# Question about these 2012 pricing threads



## RhysOrd (Jan 2, 2012)

New member here, seeing these new-model-year threads for the first time. Are these MSRP that are typically discounted further at chain retailers such as Best Buy, or is this what they are likely to be sold for? Any rule of thumb for expected percentage discounts?

I held off picking up a closeout 2011 because the changes for 2012 looked very promising. I'm looking at either the Samsung PN51E550 ($1,199. shown) or the Panasonic TC-P50ST50 ($1,399. shown.)
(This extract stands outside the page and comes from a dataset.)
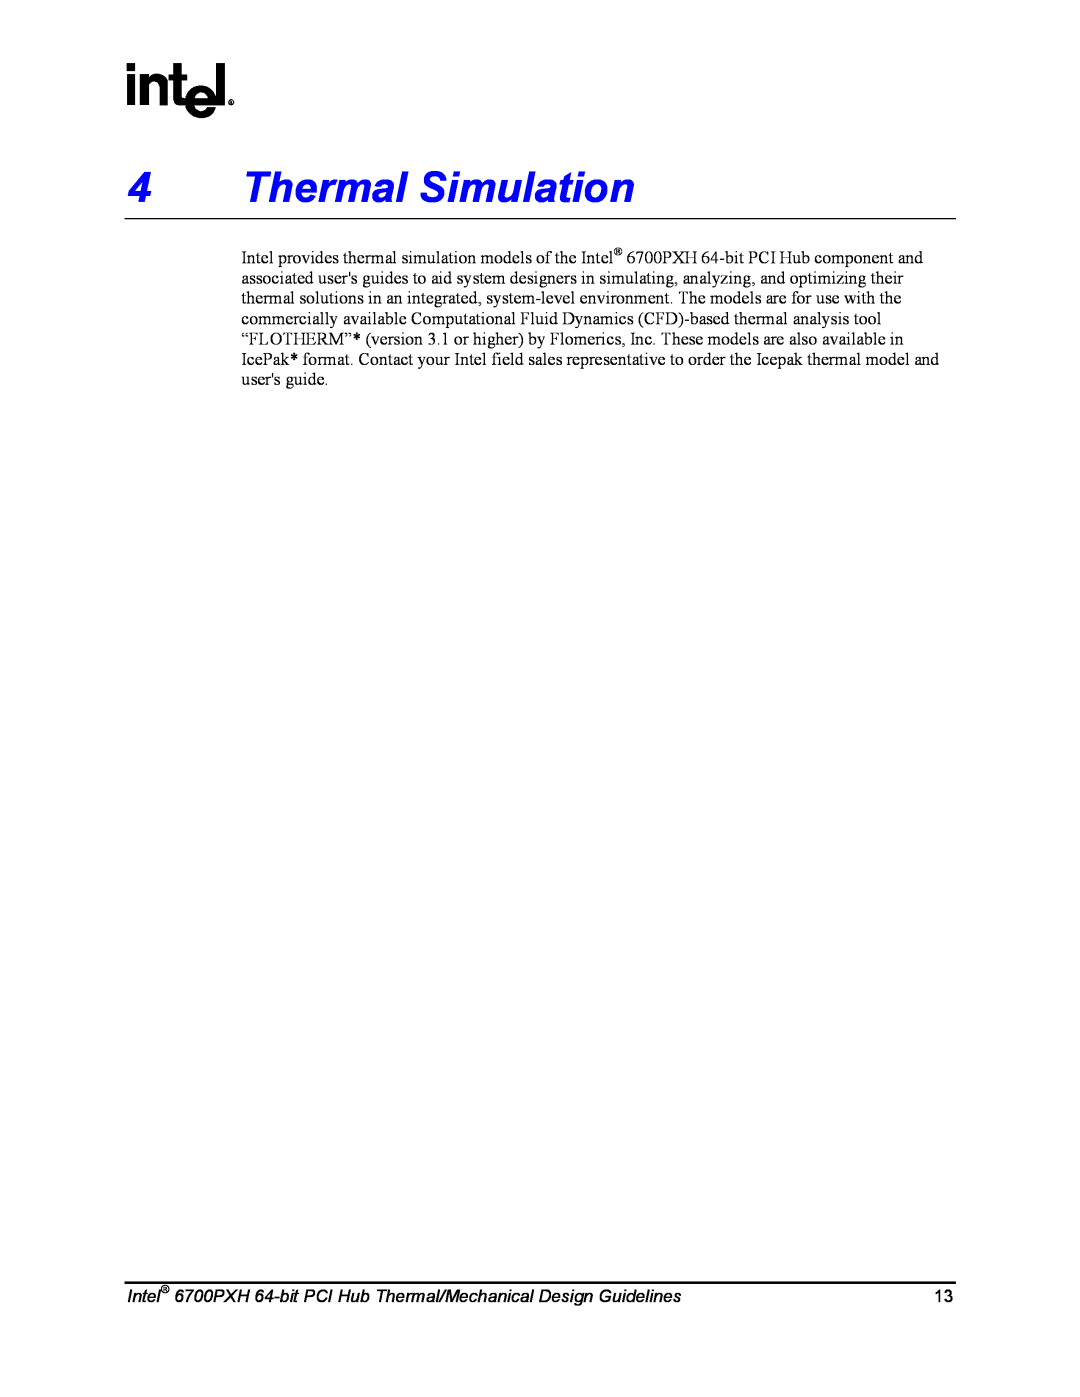 Intel manual Thermal Simulation, Intel 6700PXH 64-bit PCI Hub Thermal/Mechanical Design Guidelines

Sorry for the rookie question, and thanks for any suggestions.

Rhys


----------



## mechman (Feb 8, 2007)

I believe they are referred to as MAP pricing for Minimum Advertised Price. :T So they may, or may not end up being MSRP.


----------



## RhysOrd (Jan 2, 2012)

Well, I read elsewhere that Samsung is using an Apple or Bose-like fixed price approach for certain models, but I'm not sure that applies to the E550 I'm most interested in. B&H is showing that one for pre-order at $100 below the figure shown in this section.

Rhys


----------



## sheshechic (Mar 14, 2012)

The 51ST50 is even less than that on Amazon right now- $1214.19 w/low price guarntee and 30 free return.


----------



## RhysOrd (Jan 2, 2012)

Thanks. 

Rhys


----------



## csweep44 (Feb 20, 2012)

The Samsung 51E550 is already a deleted item in Best Buy and price is at $999.99 right now.


----------



## Robert Zohn (Aug 13, 2011)

RhysOrd said:


> Well, I read elsewhere that Samsung is using an Apple or Bose-like fixed price approach for certain models, but I'm not sure that applies to the E550 I'm most interested in. B&H is showing that one for pre-order at $100 below the figure shown in this section.
> Rhys


Correct Samsung and Sony are implementing a UPP (Unilateral Price Policy) on all ES series LCD/LED series and all E6500, E7000 and E8000 PDP series. So the E550 is not included in the UPP policy.

-Robert



sheshechic said:


> The 51ST50 is even less than that on Amazon right now- $1214.19 w/low price guarntee and 30 free return.


The actual model # is TC-P50ST50 for the 50" ST50 or TC-P55ST50 for the 55" model. You will see many retailers with sales on this very hot new display. Just today we started including Panasonic's 3D Blu-ray players at no charge with every 2012 Panasonic TV and we'll supply the best calibration settings.

-Robert



csweep44 said:


> The Samsung 51E550 is already a deleted item in Best Buy and price is at $999.99 right now.


Samsung's 51" E550 just launched last week so it's definitely not discontinued. I assume it may be BB that has discontinued the TV from their selection.

-Robert


----------



## csweep44 (Feb 20, 2012)

Maybe Best Buy won't be carrying that model


----------



## RhysOrd (Jan 2, 2012)

Amazon and Best Buy (ship to shore) are showing the Samsung PN51E550 for the same $999. w/free shipping. That answers my original question.

Thanks,

Rhys


----------



## sheshechic (Mar 14, 2012)

Ooops, typo- *blush*. 
Thanks for the correction Robert, I wouldn't want to confuse anyone.


----------



## sheshechic (Mar 14, 2012)

What I think is great about buying from Robert is the opportunity to have the set arrive aged and calibrated by some of the best in the business.


----------